*About this task*. In the listing below, locate the line that contains "camera1-2021-09-03-13-00-17" and the line that contains "Miele Authorized Repair". Restate word for word those two lines and every line between them, and nothing else.

*Exercise data*.

══════

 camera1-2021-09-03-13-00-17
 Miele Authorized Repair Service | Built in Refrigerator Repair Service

══════

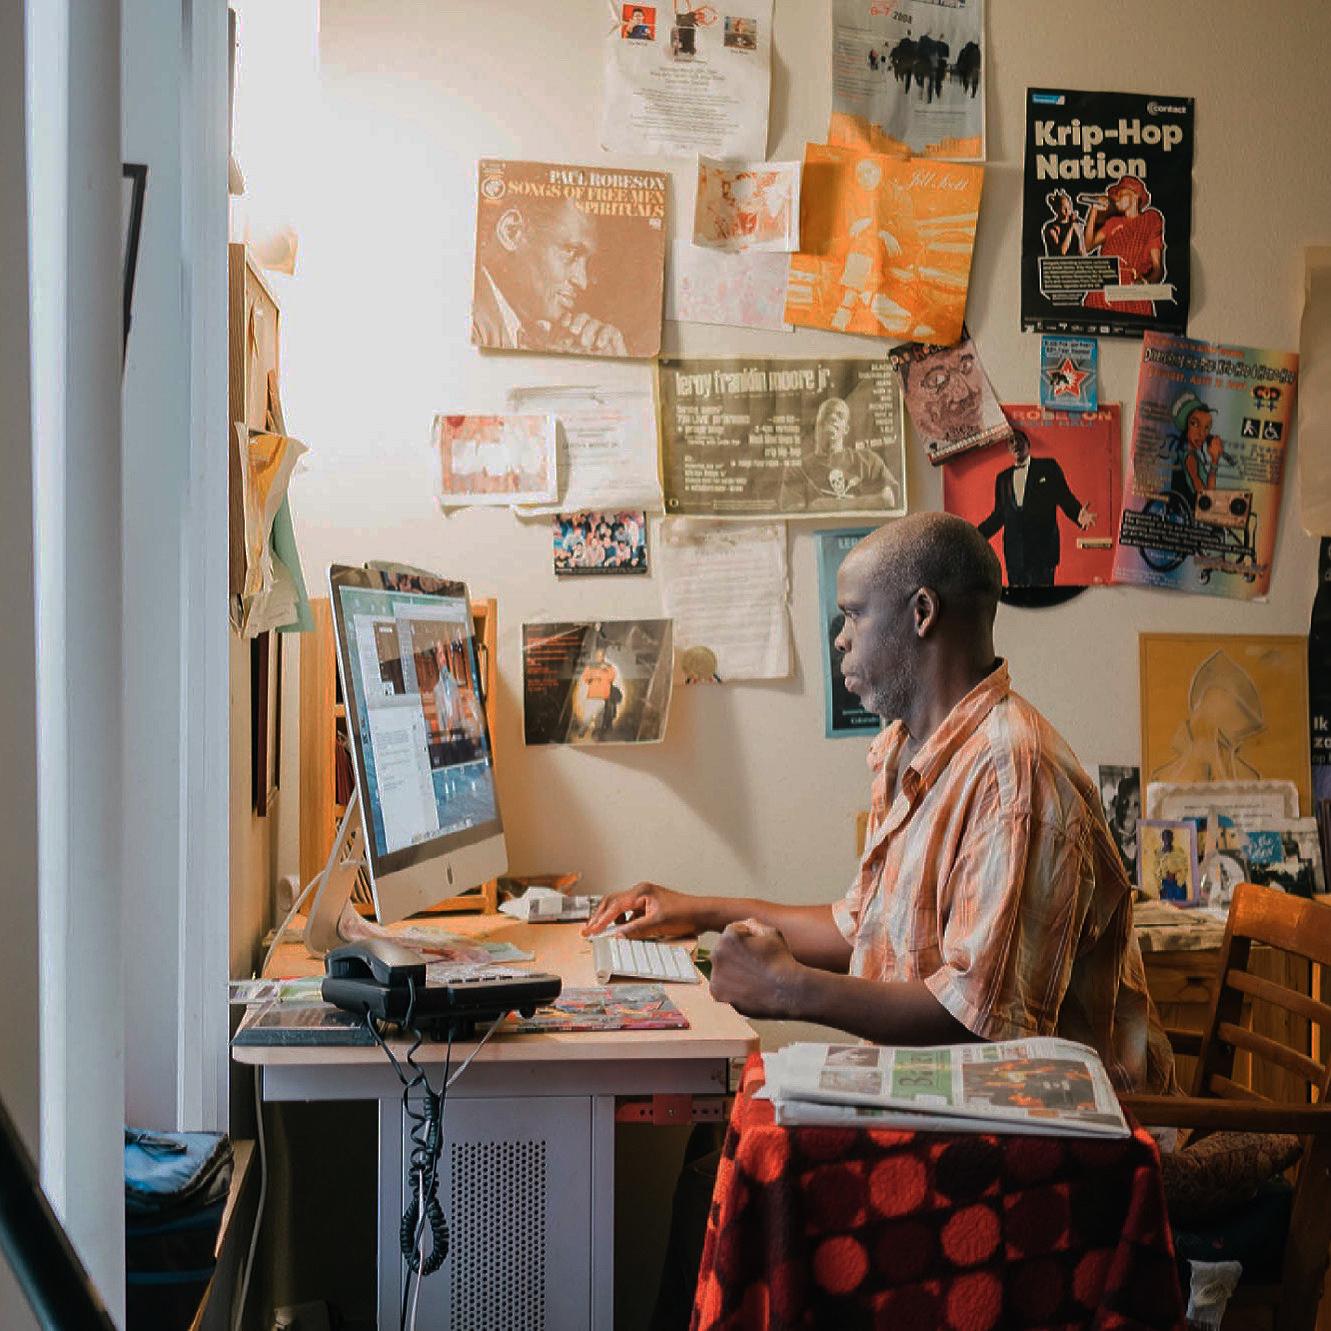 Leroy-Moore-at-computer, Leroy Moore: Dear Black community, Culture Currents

══════

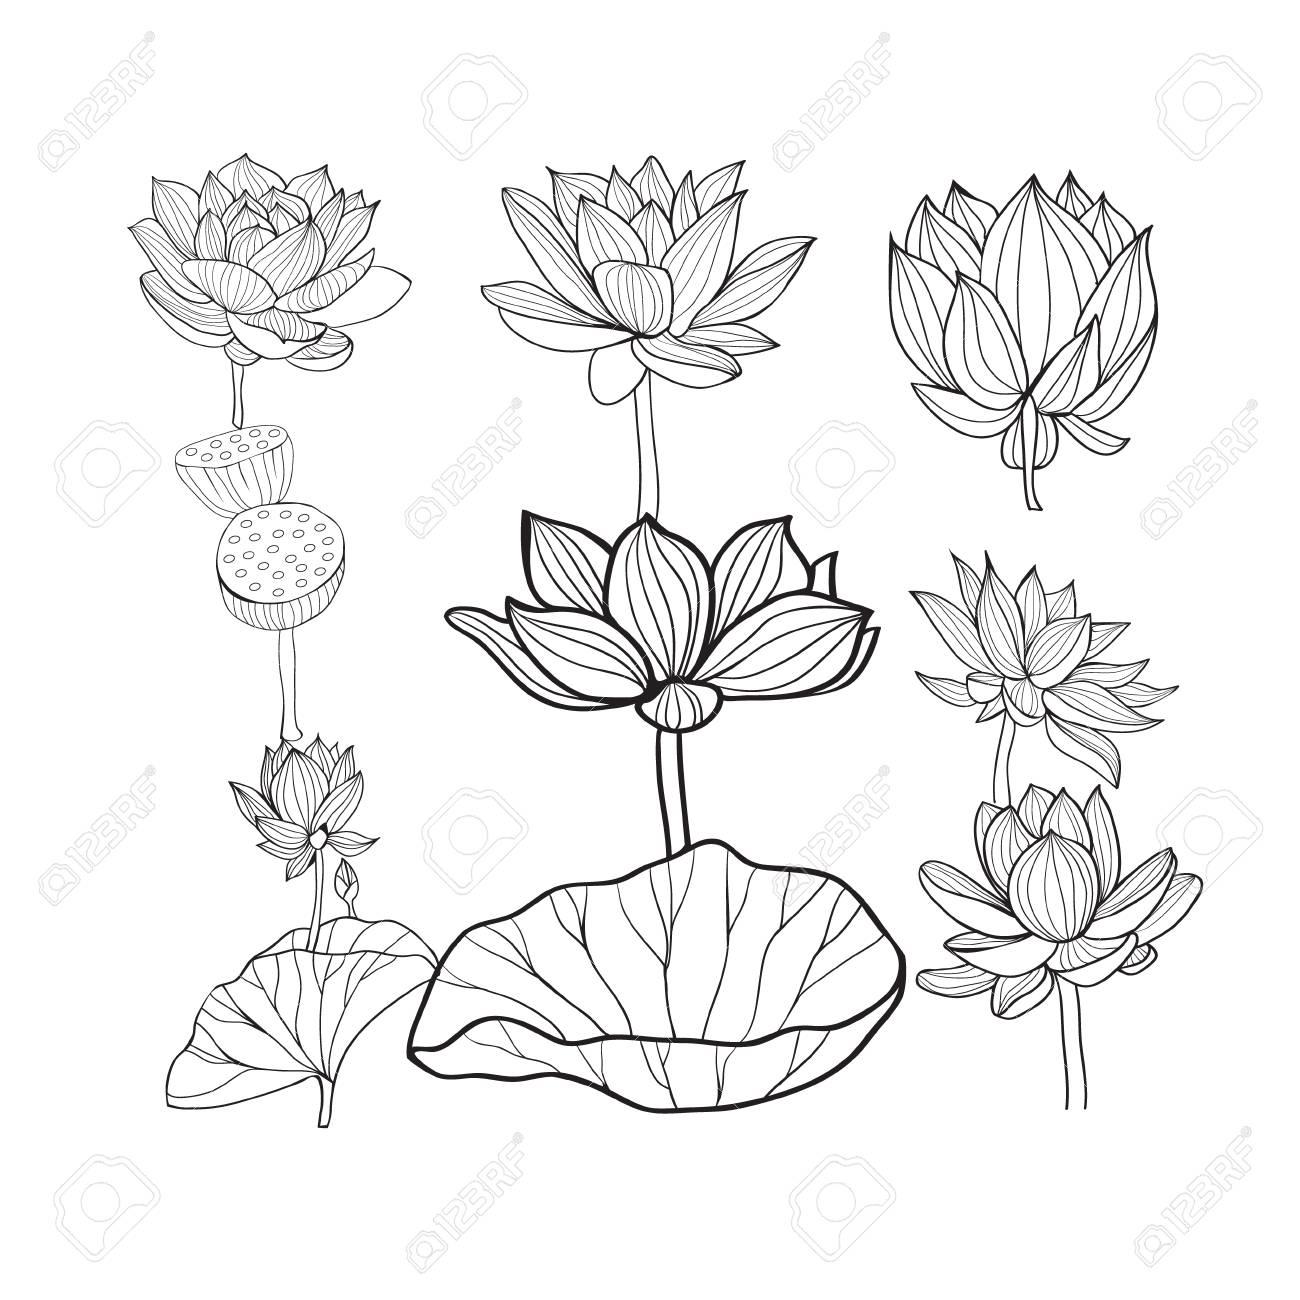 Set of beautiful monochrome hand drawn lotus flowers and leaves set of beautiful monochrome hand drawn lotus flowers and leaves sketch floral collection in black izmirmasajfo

══════

*Written reply*.
 camera1-2021-09-03-13-00-17
 Miele Authorized Repair Service | Built in Refrigerator Repair Service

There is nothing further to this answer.